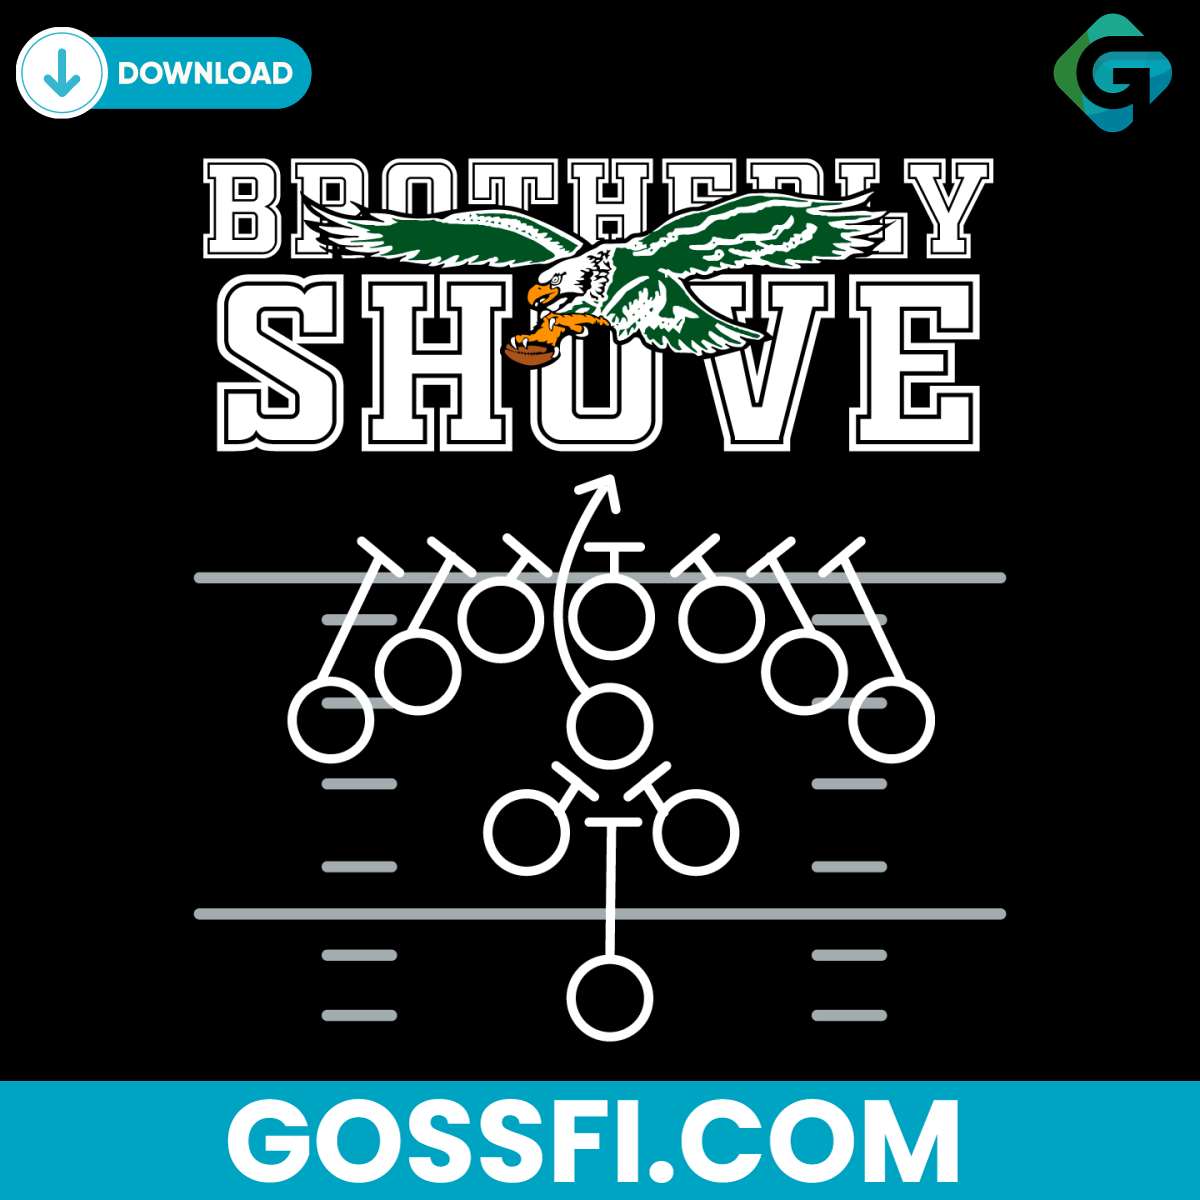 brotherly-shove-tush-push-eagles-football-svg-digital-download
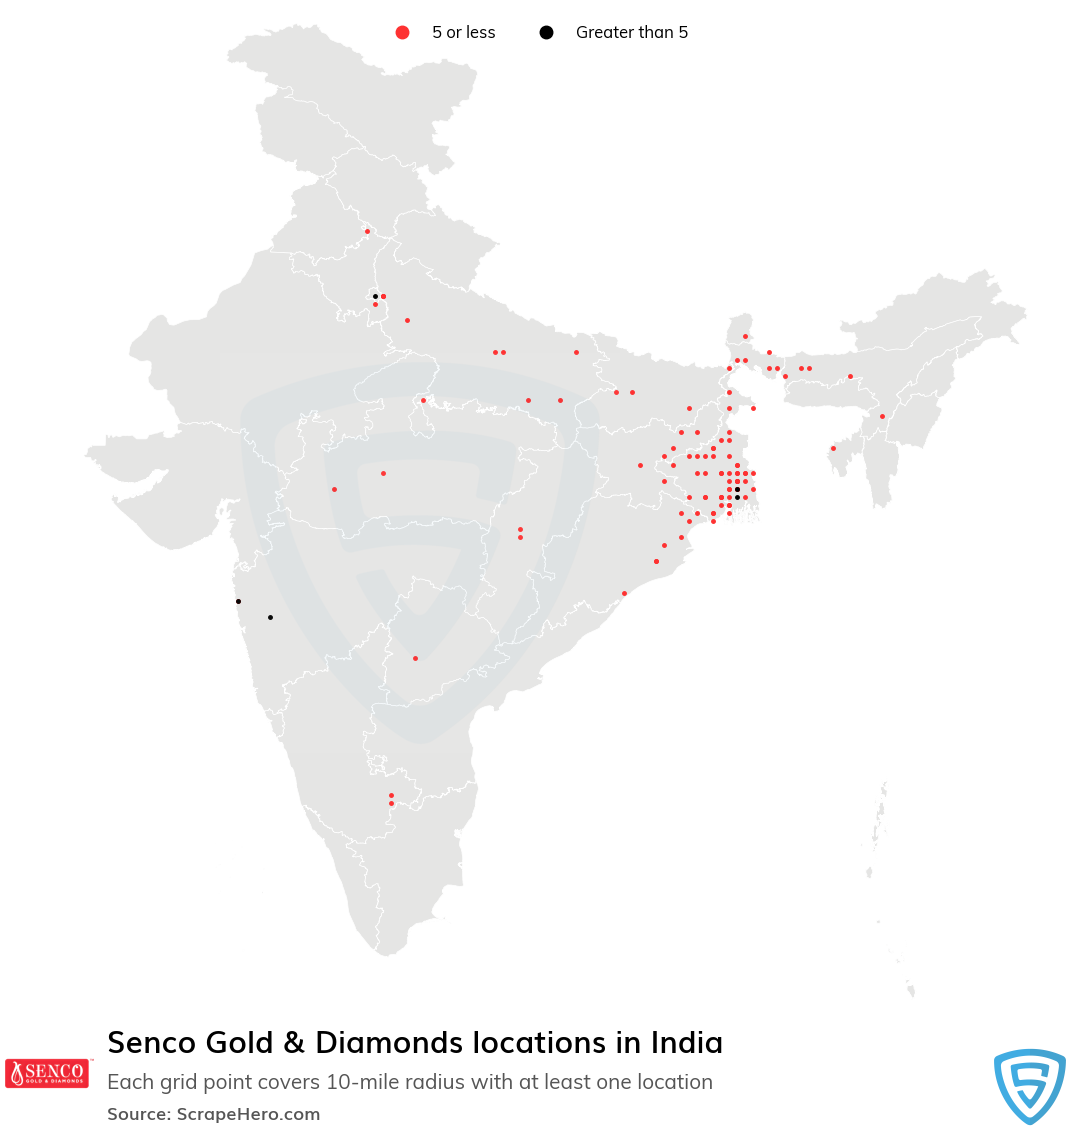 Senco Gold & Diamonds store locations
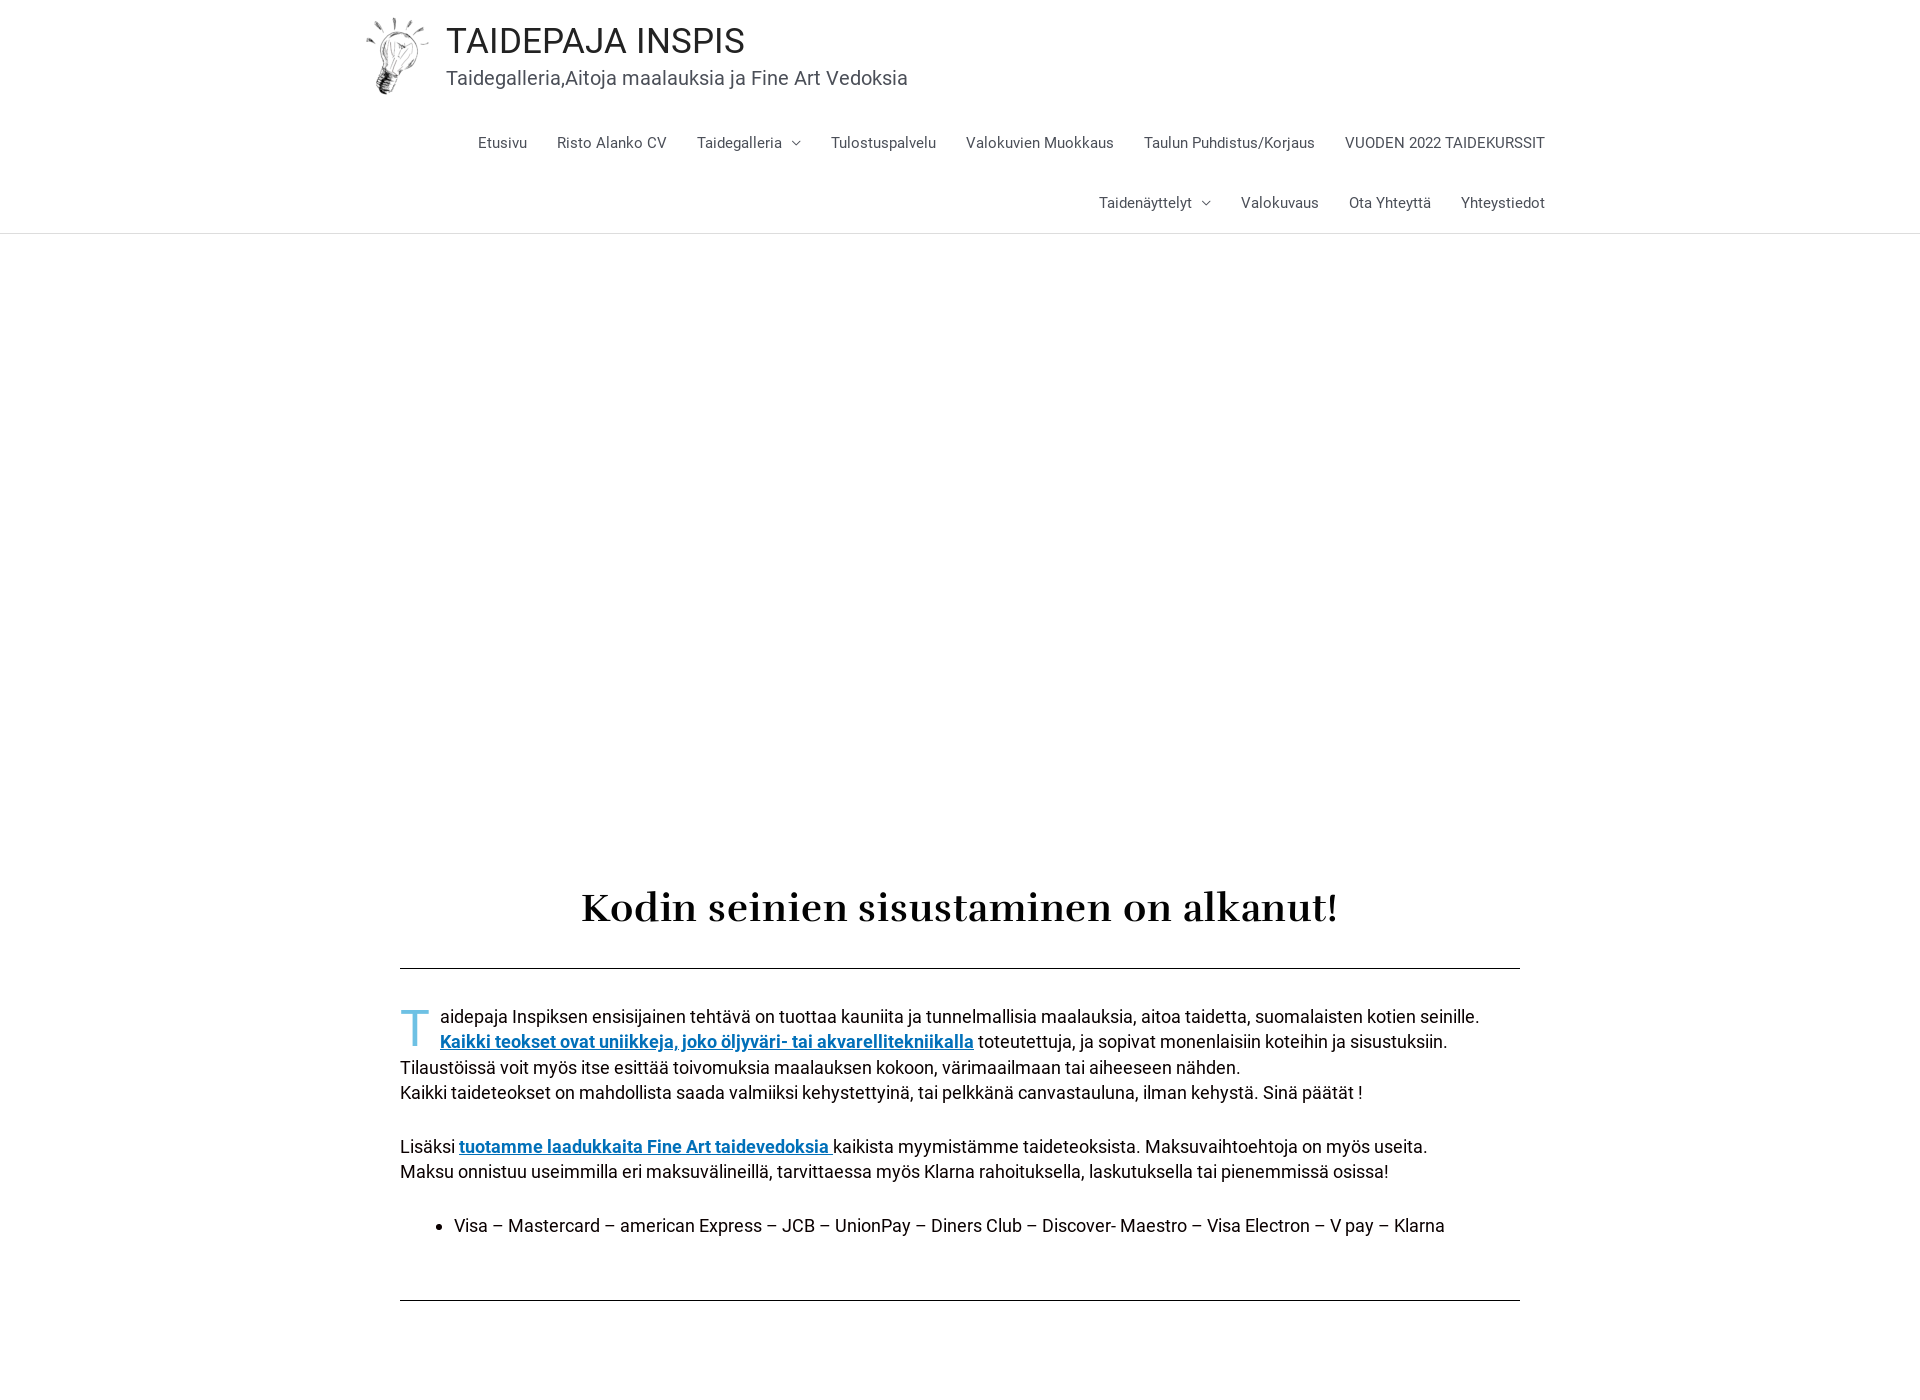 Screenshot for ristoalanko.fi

What you have to do:
Copy out the material exactly as it stands, though no picture should appear in the copy.

Task answer:
 brotherly-shove-tush-push-eagles-football-svg-digital-download
 Senco Gold & Diamonds store locations
 Screenshot for ristoalanko.fi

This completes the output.